6. Order Lunch Ahead of Time
If you do have to order lunch, you can do so in a way that will further your weight loss goals. Look up nutrition information ahead of time, keep extras to a minimum, and order in the morning. Wait, what? You heard right. A study conducted by University of Pennsylvania and Carnegie Mellon University researchers found that when people placed a lunch order more than an hour before eating, dieters chose meals with an average of 109 fewer calories than those who ordered immediately before lunch (when their rumbling stomach may have clouded their judgment).
7. Keep Your Bedroom For Sleeping, Not Eating
An analysis published in the journal Sleep Medicine found that keeping a television in the bedroom was associated with shorter total sleep time. It’s not just TV that will prevent you from getting a restorative night’s sleep (which, if you didn’t already know, is one of the essential rules for weight loss); it’s also noshing in bed. When you reserve your bedroom for snoozing, you can train your brain and body to associate slipping under the covers with sleep—making it much easier to catch some ZZZ’s.
8. Eat, Rather Than Drink, Your Calories
Yes, that goes for everything from sodas and alcohol to juice cleanses and bottled teas. That’s because beverages often lack healthy fats and fiber: two satiating nutrients that keep hunger pangs at bay. A study published in the American Journal of Clinical Nutrition found that participants ended up drinking more (and thus consumed a greater number of calories) until they felt satisfied, compared to when they ate solid food.

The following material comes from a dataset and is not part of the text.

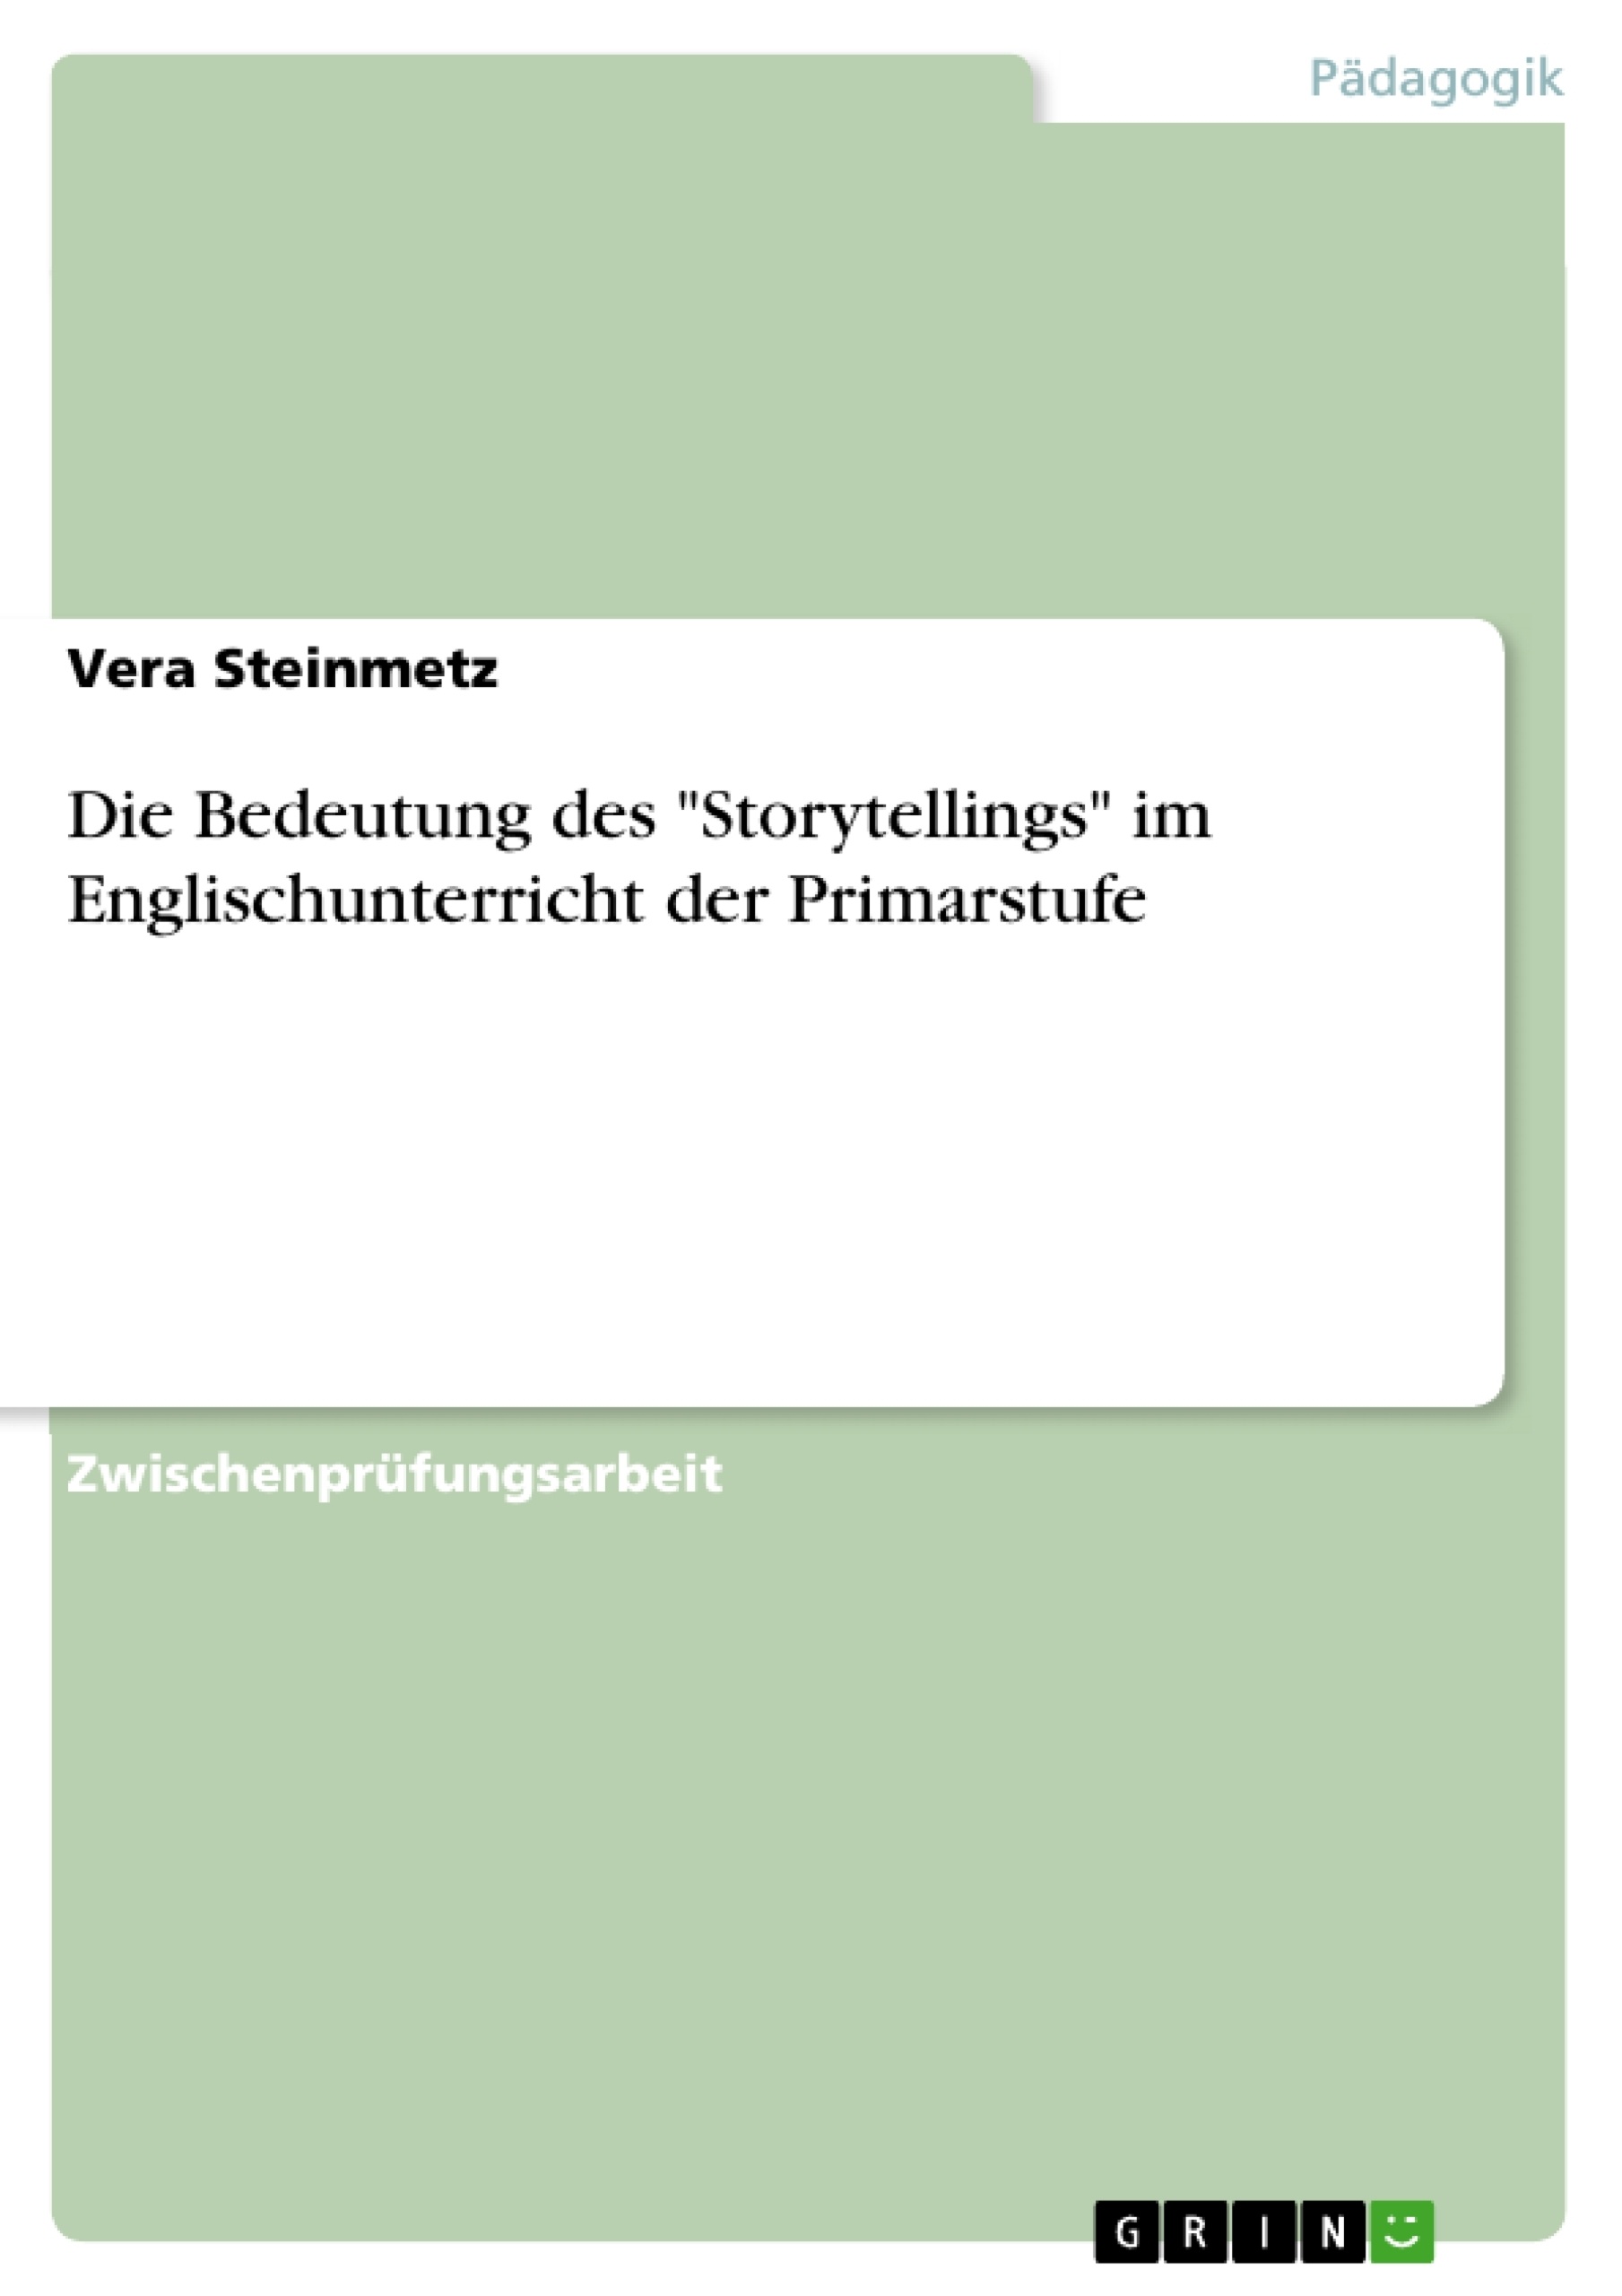 pdf The numerical record of university attendance in Germany

There are a number of factors at play when it comes to satiety, and experts believe that both the sound and the physical act of chewing helps monitor your consumption; they think chewing will even increase satiety better than slurping. So, take a cue from a recent study published in the same journal—which found that thick smoothies made people feel fuller than a thin drink with the same amount of calories—by adding in a generous scoop of Greek yogurt and a sprinkling of crunchy nuts to your protein shakes in the mornings.
9. Make a Habit of Starting With a Salad
Who knew you can fend off calories with more calories? Cornell University researchers found that pre-loading your meals with salads can actually help your body keep its blood glucose levels more even-keeled. That means you’ll not only stay fuller longer, but you’ll also save your body from an inflammation-inducing spike in blood sugar.